Here are things you like:

  • The color yellow.
  • School.
  • Black beans, quinoa and salsa and cheese.
  • Any peppermint candy.
  • DC Superheroes. All of them.
  • Writing stories.
  • Playing Barbies.
  • RBG.
  • Meditation.
  • All things gymnastics, especially walking on your hands, standing on your head and attempting flips.
  • Playing instruments.
  • Yoga.
  • Being with your friends.
  • Pooh Bear. (Always.)
  • Super Mario Bros.
  • Math.
  • Art.
  • Poop jokes.

****

As I re-read the old birthday posts – sorry for the few years where I lapsed – I realize that your Papa is right. Some of who we are is nurture; so much of it is nature. You have always been this person.

How that takes shape seems to evolve as you evolve, and getting to be your parent is the greatest honor of my life. But it’s all coming in hot, AG. Homework gets harder. Some kids get meaner. Life is unfair. I’m wholly certain that at one point, sooner than we think, you’ll figure out I’m just making it all up as I go along, too, and we’re all just a little hopeless.

Sorry about that one, too.

Perhaps that’s the thing: It’s all just “forgiveness and…” I’m sorry AND I’ll do better. My apologizes AND how can I make it right? Pardon me AND know I care about you.  Managing our brokenness together is an act of courage in a world that claims to know the right answer for everything.

The older I get, the more I understand how little I know.

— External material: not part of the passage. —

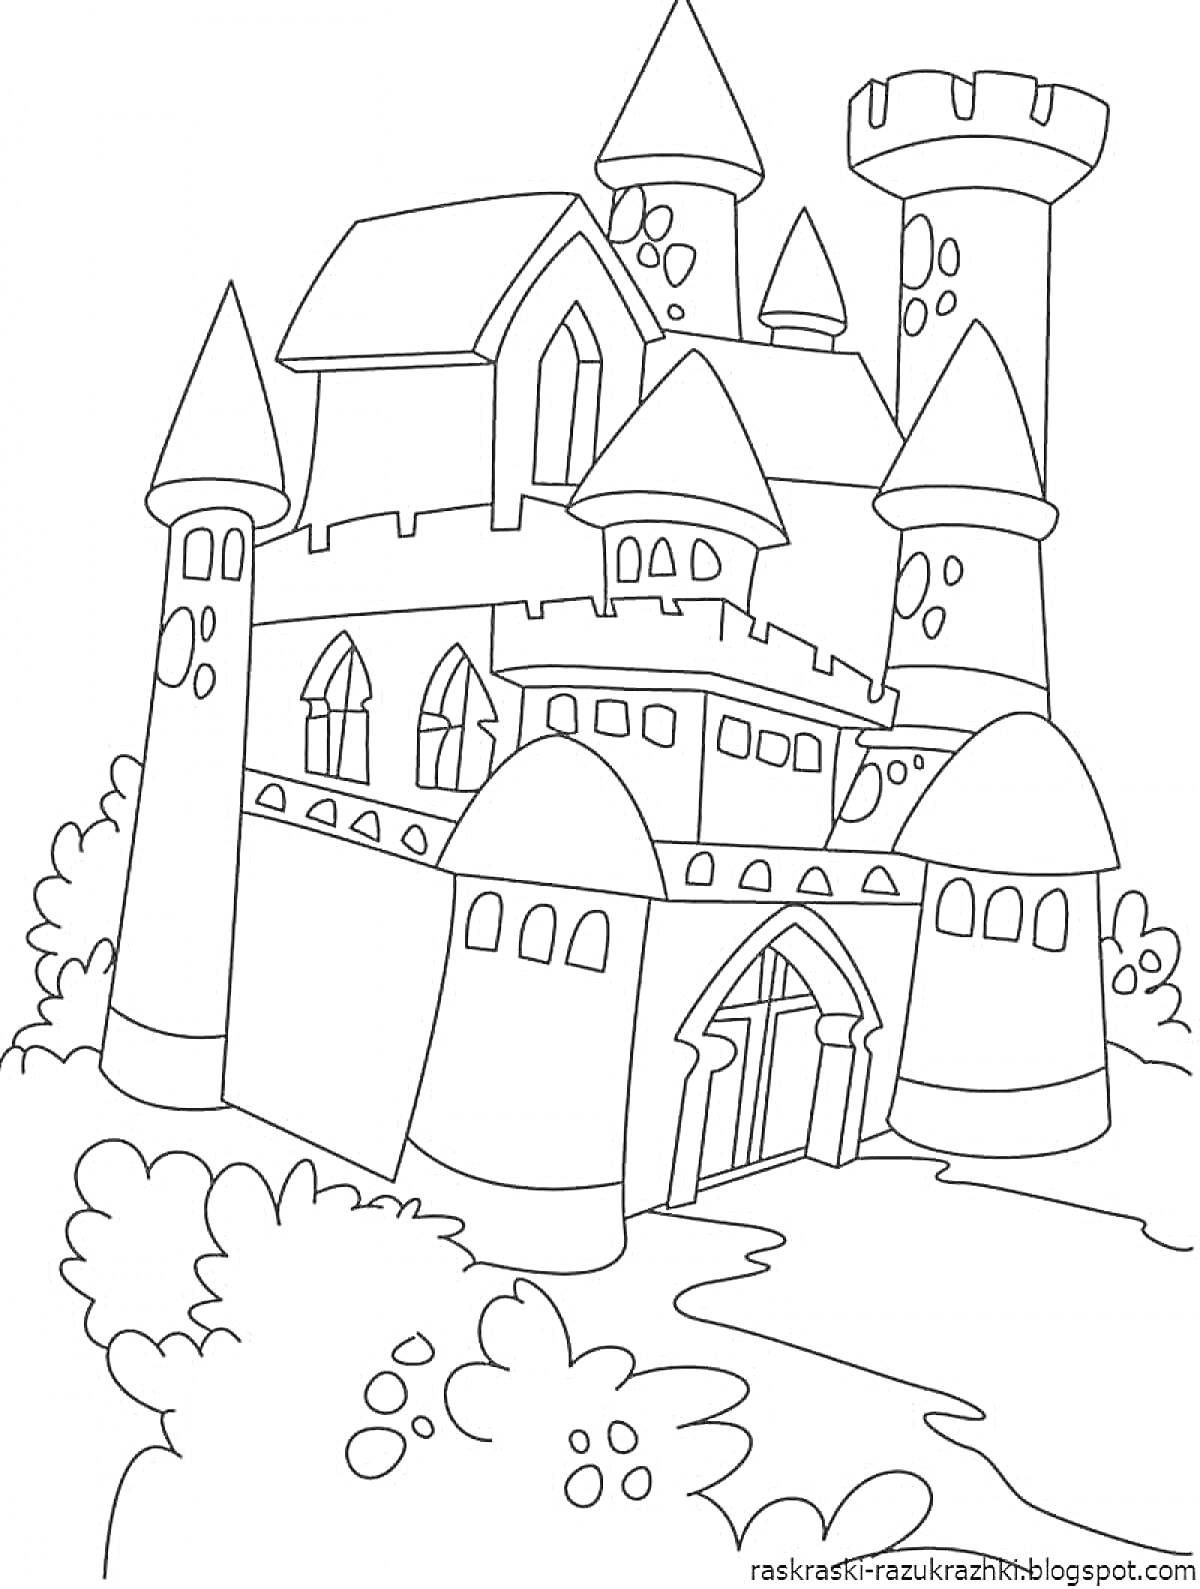 Раскраска Картинка замка с башнями, подъемным мостом, окнами и кустарником на переднем плане

And on the days where I’m feeling particularly chuffed, it’s because I succeeded in not making the world worse off than I found it that morning. This is all very simple in the end, but along the way our little monkey brains insist on making it be about status or power or having the last word or any number of things people use to pretend they’re OK when they’re not.

So while the problems are gonna feel bigger, maybe it really is as simple as taking a nap and forgiveness. Forgiveness for others sure, but mostly for yourself.

You are my very favorite girl. I’m so glad I’m your mom.